I think part of this problem comes from people being in way too much debt! if we could just be satisfied with the car, house or whatever other thing we have for the moment and learn to buy when we really need to (if you're car keeps breaking down, it might be time to get a new one. but if you get an upgrade every other year, is that really necessary?) our economy might not be in this situation. And why do we need huge houses for a family of 4? Can you not live with a 4 bedroom house instead of a 8 bedroom house? I wonder how many people have gone into debt when they could have avoided it? i'm not saying that it's just the people's fault. it's the government's fault to and the banks' for giving out too many loans and such.
i'm not too sure that the rescue plan will help. it seems to me like the government is just trying to get us out of trouble right now but to resume exactly the same thing as before and we'll find ourselves right where we started but maybe with even greater debts!

DionePompa4 said...

For one thing it's about time that the President filled us in on what exactly is going on in our economy; second of all I don't have a whole lot of confidence in his plan but we'll see what happens and we'll see if our next president can help our economy.

ErikTough4th said...

many people and corporations are to blame for our financial crisis many people were encouraged to withdraw loans for way more money than they could make and now the banks and economy are paying the price

Ling Y Li said...

When I read this piece of Bush's speech, I couldn't thought about further the economy market happen. Like Bush was basically asking taxpayers to give a combined $700billion to save the financial assistance for large-scale plans to reach a consensus in priciple.
But this was really large money, most taxpayer had no extra money for the bank. And nobody know how was the congress will done. If this plan was working, how about every year United States send the money in the army in Iraq and Afghanistan that was coast also a large money.
At the same time, on the Wall Street, most was the business companies were layoff many workers.And the Washington Mutual Inc. was acquisition by JPMorgan Chase. Some banks were try find other company to acquisition. I didn't know this happen will continus how long.

ErikTough4th said...

Putting out 700 BILLION dollars of tax payer money on a bill that might work key word might dose not make me very confident in our economy.

JoshuaGaskill(4) said...

The idea that we should have to pay such a vast amount (700 billion dollars) on the presidents bill. i dont really feel the need to bail anyone out with my money.

shababsiddiqui4 said...

I'm going to agree with George W. Bush on his emergency plan. While government intervention and a dangerous federal deficit loom, the bailout plan does seem unattractive, especially for our generation, who will be expected to repay it. But at this current day and age, something needs to be done to stop the bleeding.

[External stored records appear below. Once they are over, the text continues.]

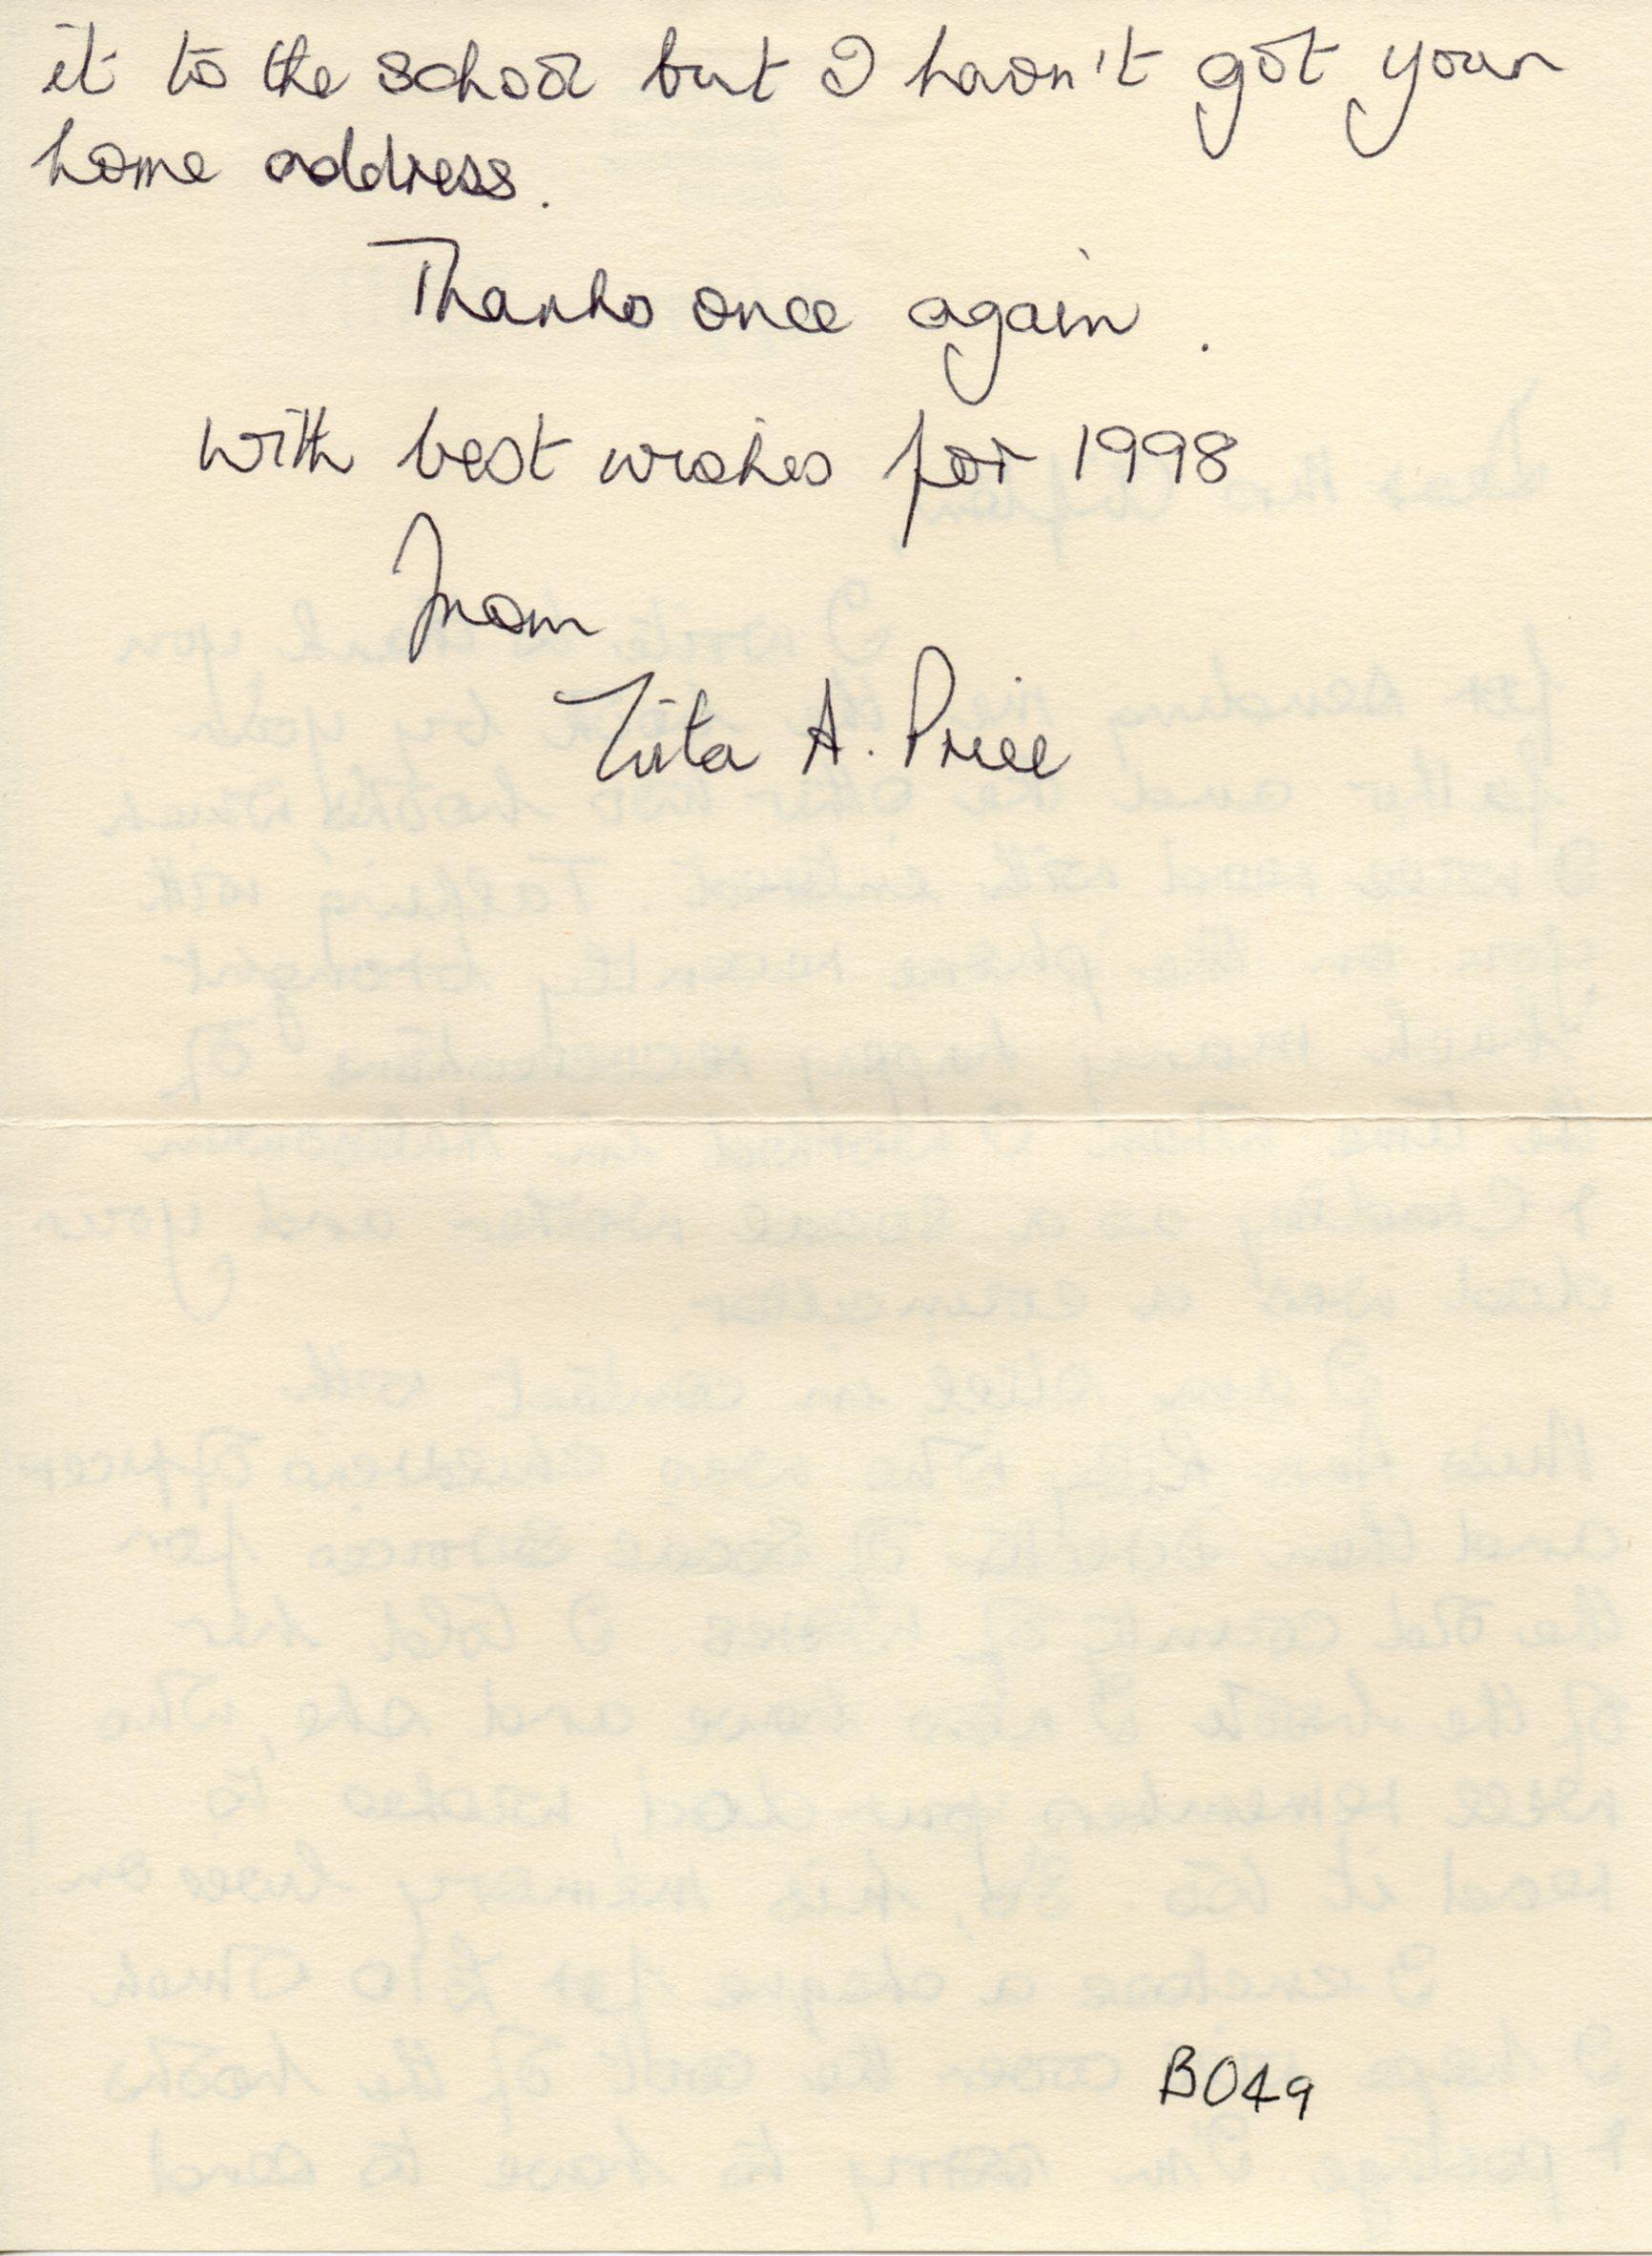 B049b Letter [Z-Price]1998
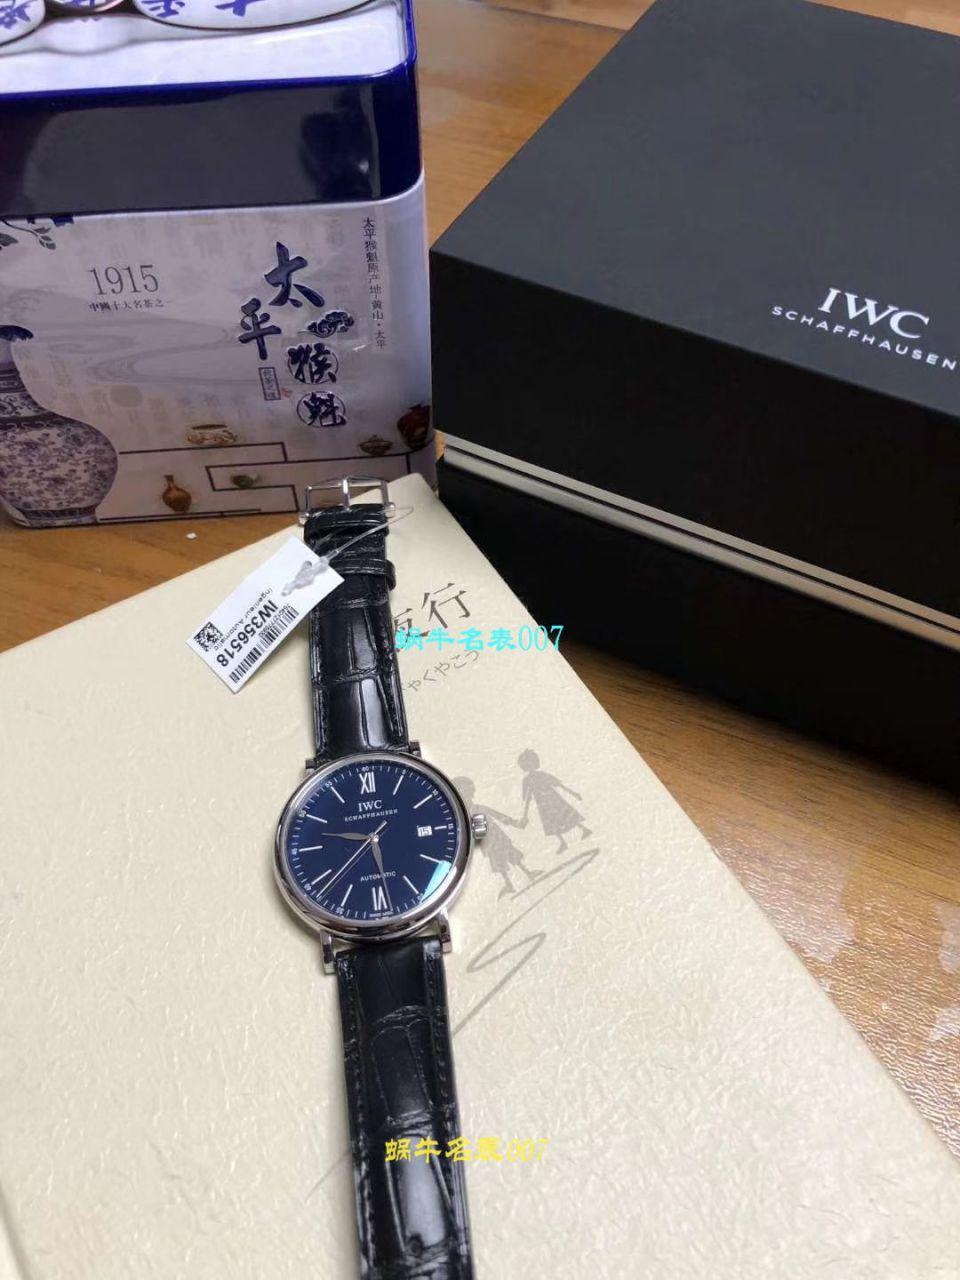 IWC万国表周年纪念系列IW356519腕表【渠道原单万国150周年】 / WG196
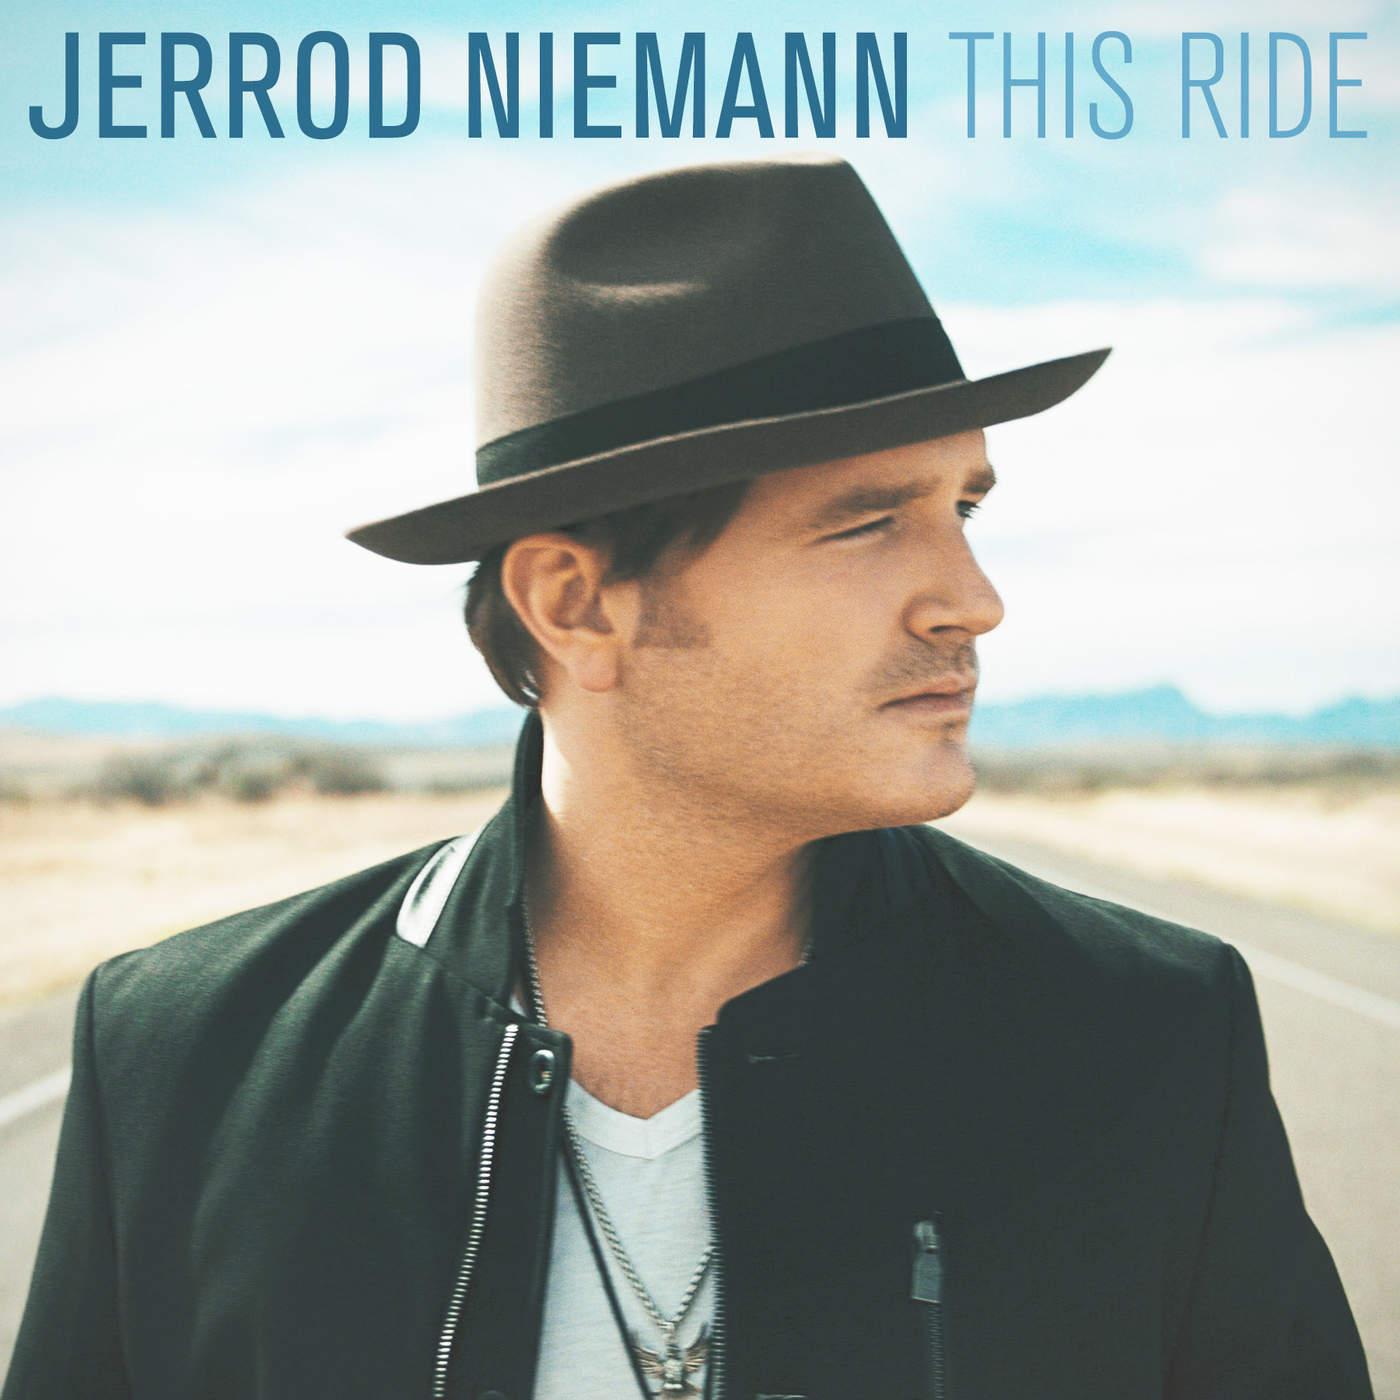 This Ride - Jerrod Niemann

While it was the poor decision making of banks which led to this crisis, it is the entire American population that is suffering for it, and it must be the entire American population that has to take the measures to get out of it. I pray that it works for the sake of everyone, and I'm quite confident that it will, but we need to work on a long-term, preventive solution. The first step would be to step-out of a credit-dependent, interest based economy.

dillonbates3 said...

All countries experience good and bad times in their ecomomy. I agree that the American economy will recover, and I also think that something needs to be done to prevent the U.S. from falling into a full blown recession. I do not like the idea that the tax-payers should have to pick up the bill on mistakes that business, government, and other individuals made. However, if the $700 Billion bail out is the best option for the U.S. at this time, it should be put into effect. In the future, governments around the world should be able to look at this economic crisis and avoid similar ones by considering the reprocussions of government action, loans, credit requirements, and money alotments in the stock market and other major markets.